*** Opening Dataset records ***

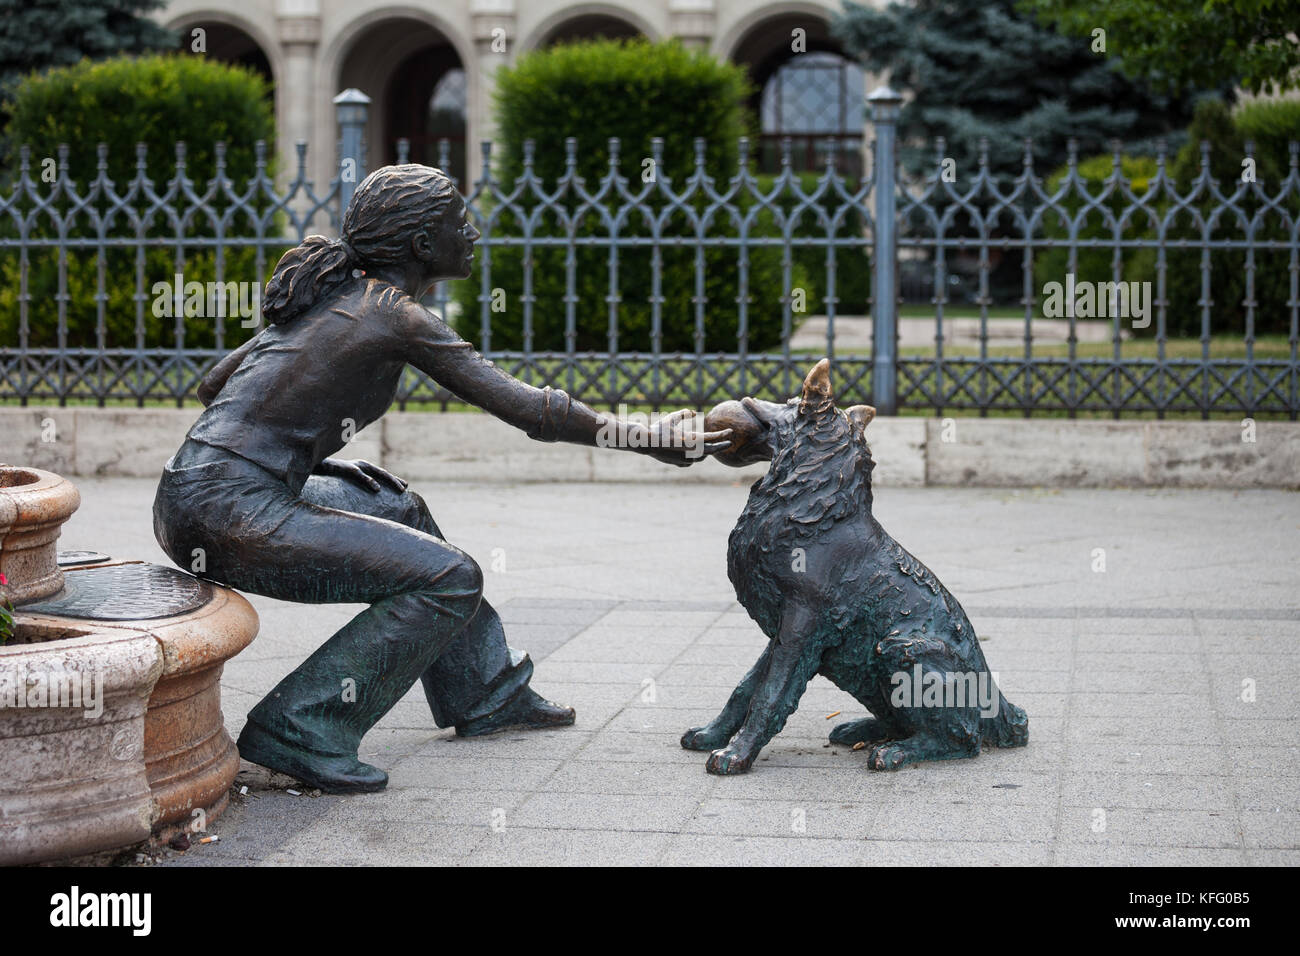 Chica con su perro, calle escultura en bronce, Plaza Vigado, ciudad de Budapest, Hungría, niña jugando con el animal con la bola en su boca Foto de stock
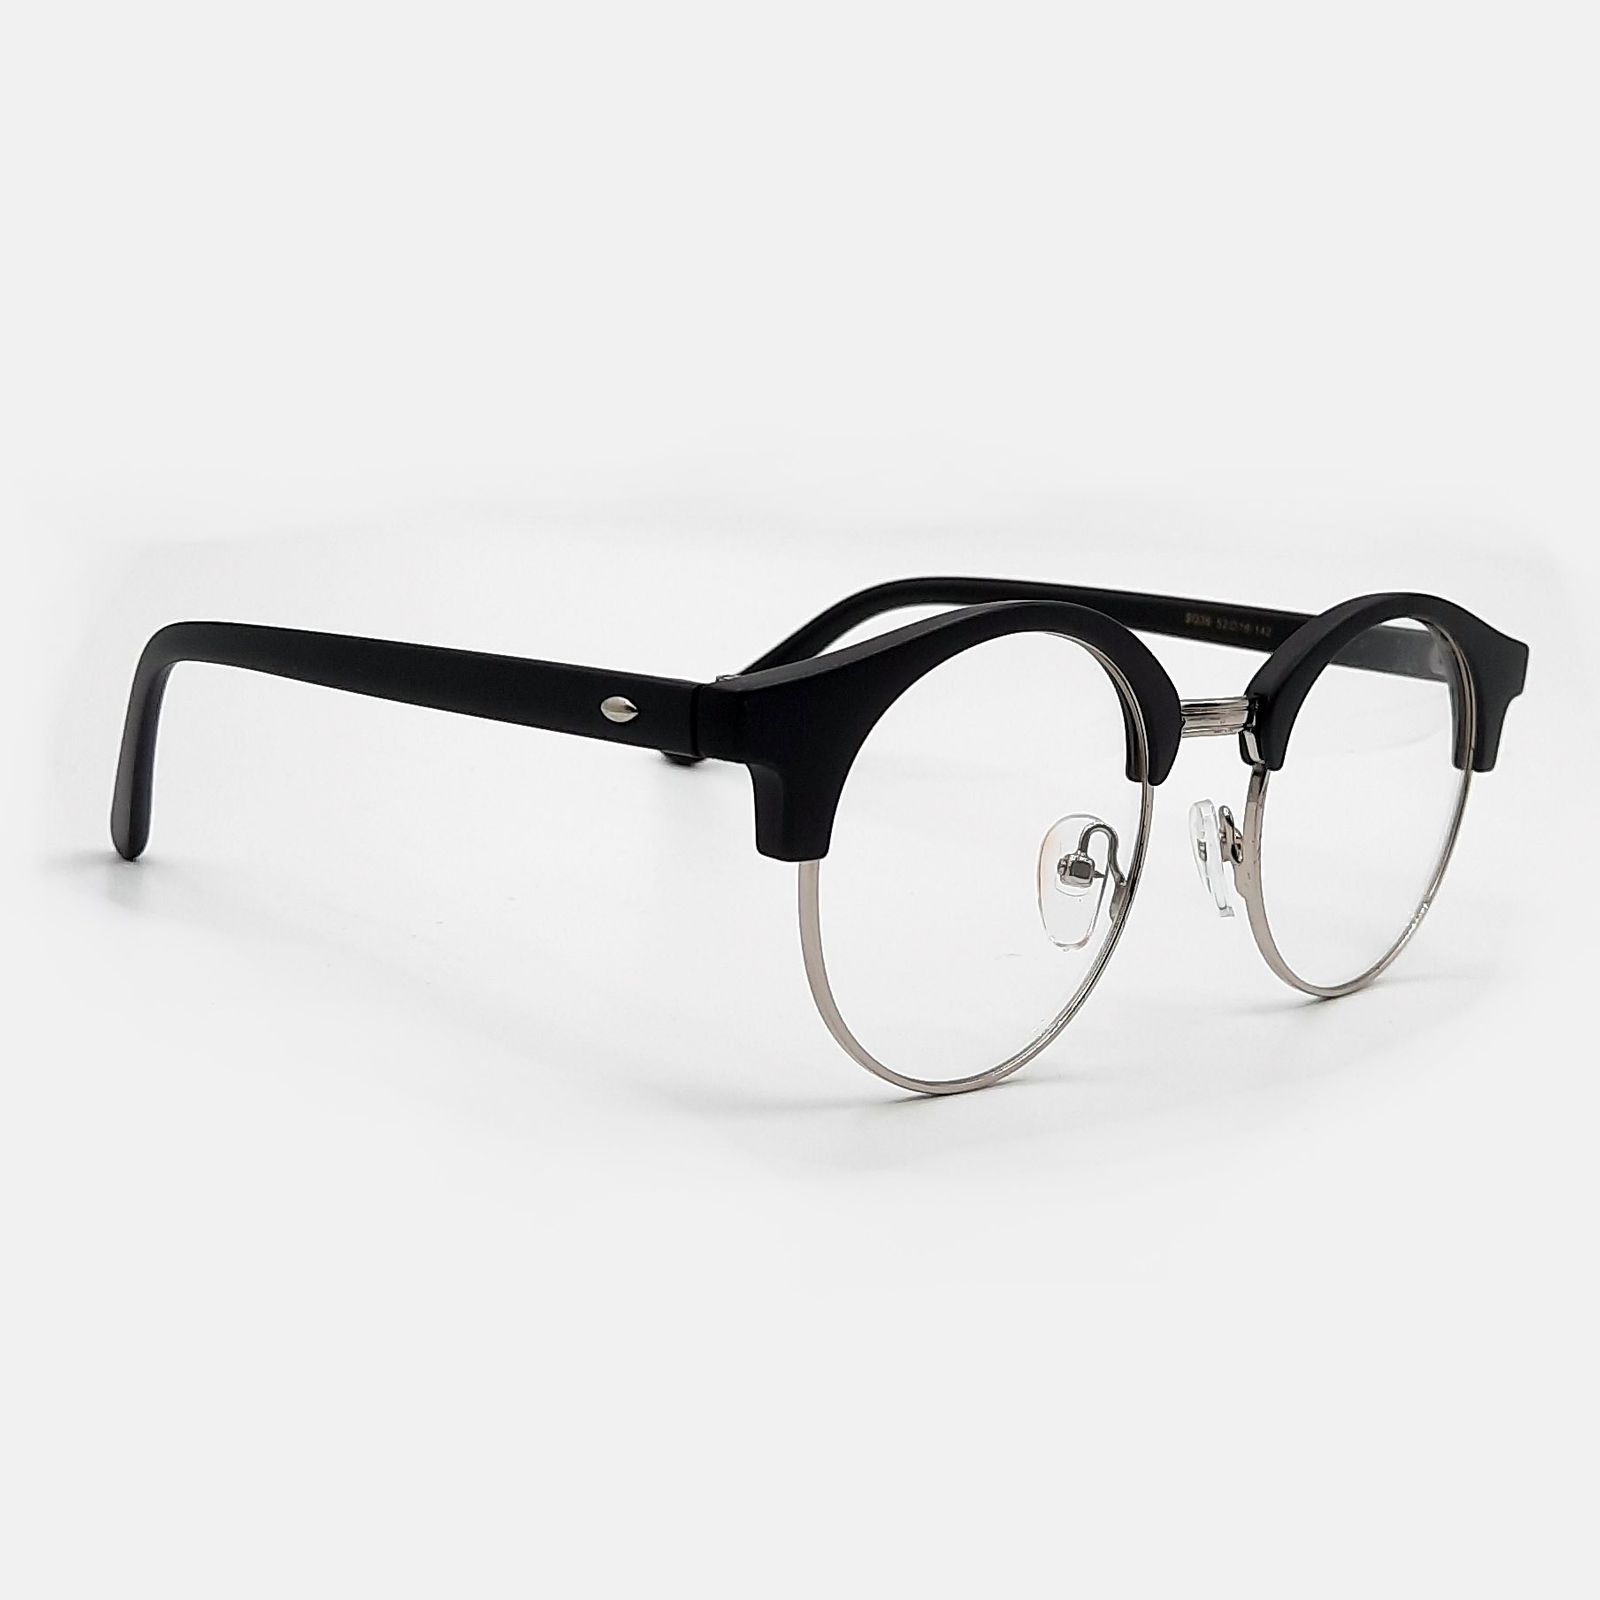  فریم عینک طبی مدل SQ36 به همراه کاور آفتابی مجموعه 6 عددی -  - 11
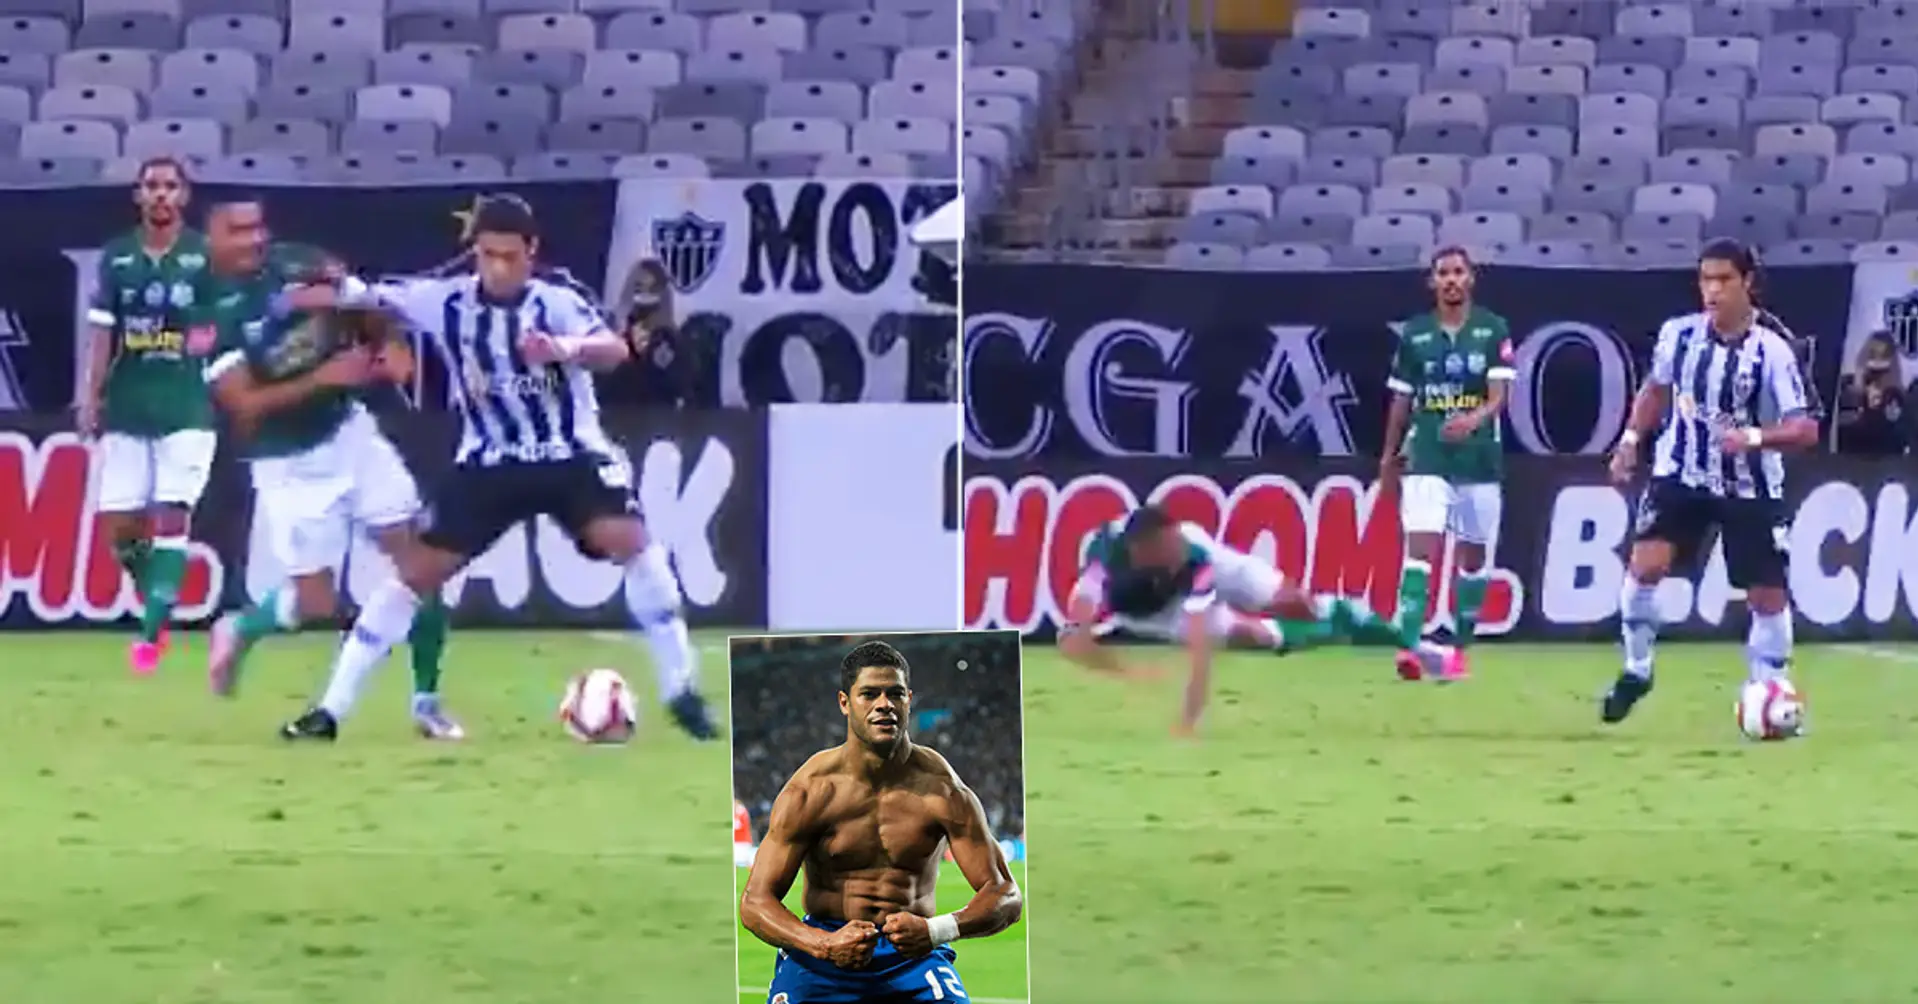 Hulk returns to Brazil, immediately sends defender flying like a paper plane
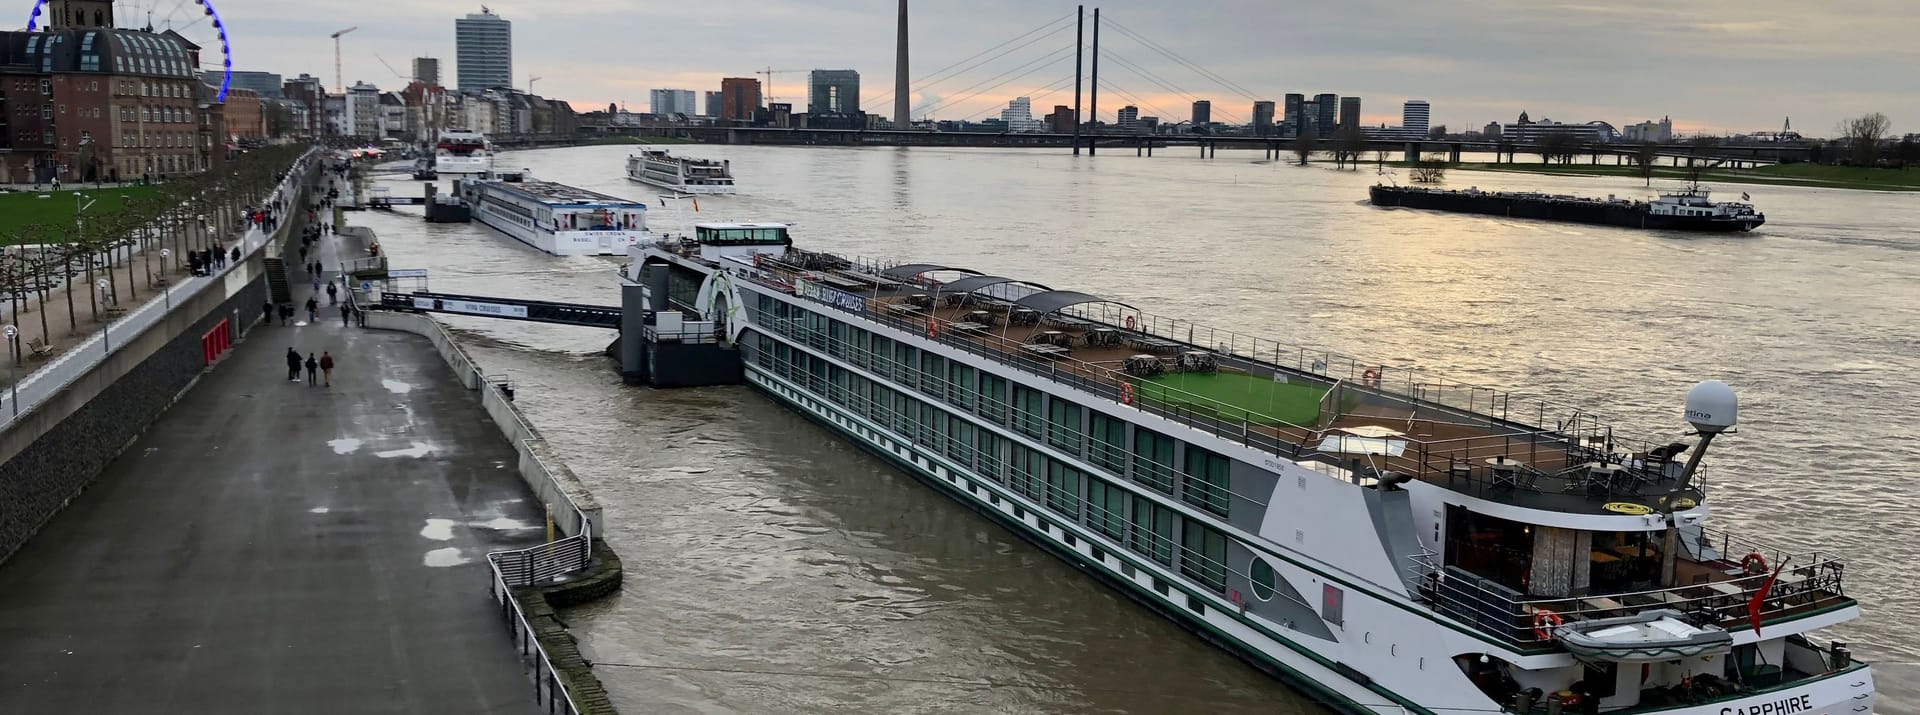 Seit Mittwoch sinkt der Rhein in Düsseldorf wieder.
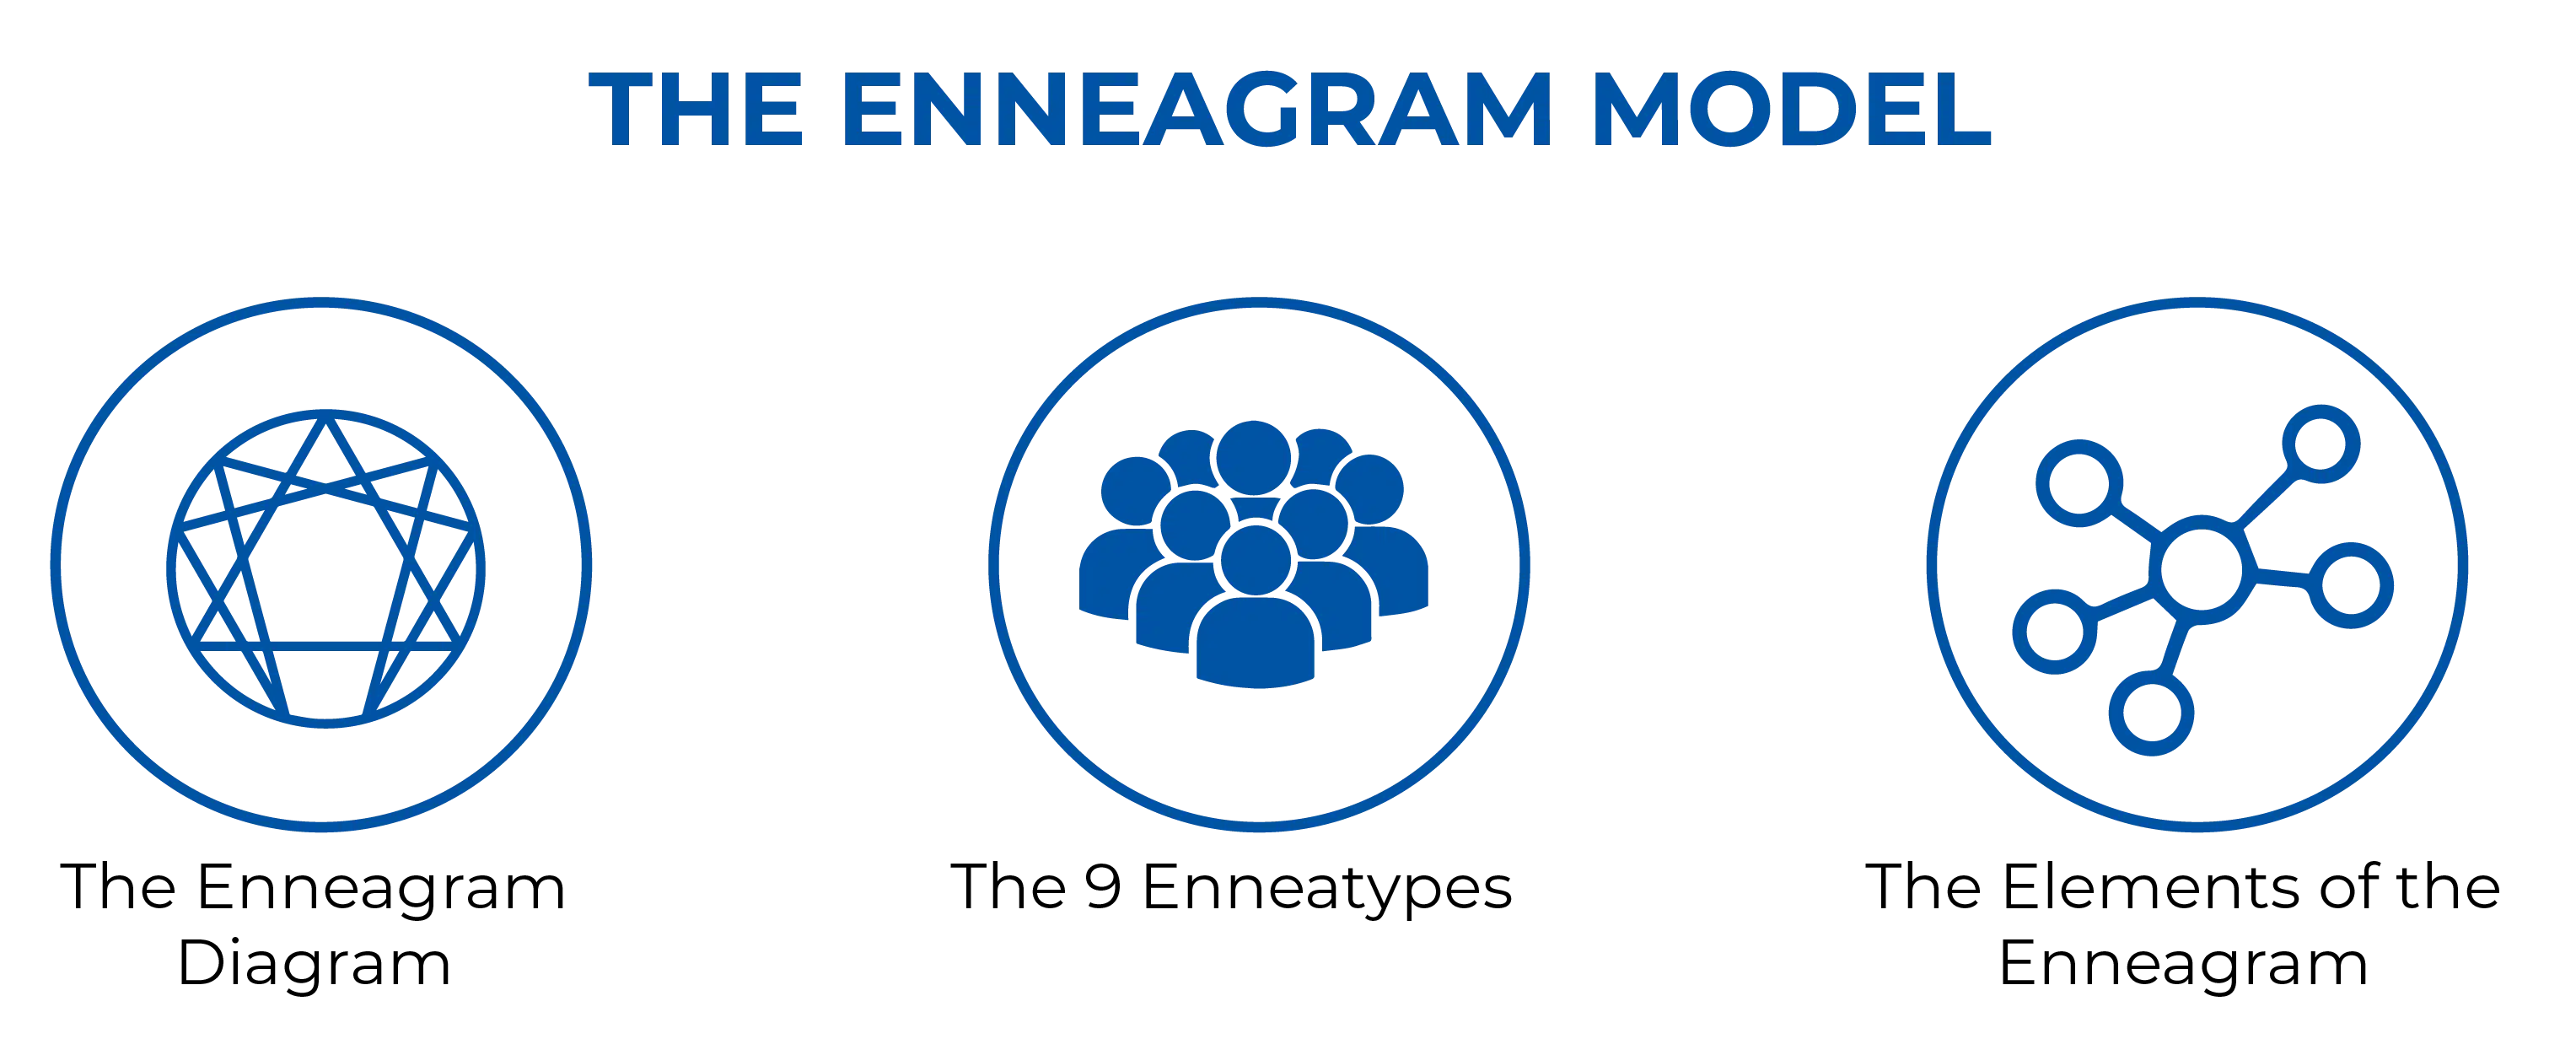 THE ENNEAGRAM MODEL

*** Closing Dataset records ***

▸ Work instruction
The material must be returned exactly, with its pictures omitted.

▸ Exercise solution
 Chica con su perro, calle escultura en bronce, Plaza Vigado, ciudad de Budapest, Hungría, niña jugando con el animal con la bola en su boca Foto de stock
  فریم عینک طبی مدل SQ36 به همراه کاور آفتابی مجموعه 6 عددی -  - 11
 Hulk returns to Brazil, immediately sends defender flying like a paper plane
 Seit Mittwoch sinkt der Rhein in Düsseldorf wieder.
 THE ENNEAGRAM MODEL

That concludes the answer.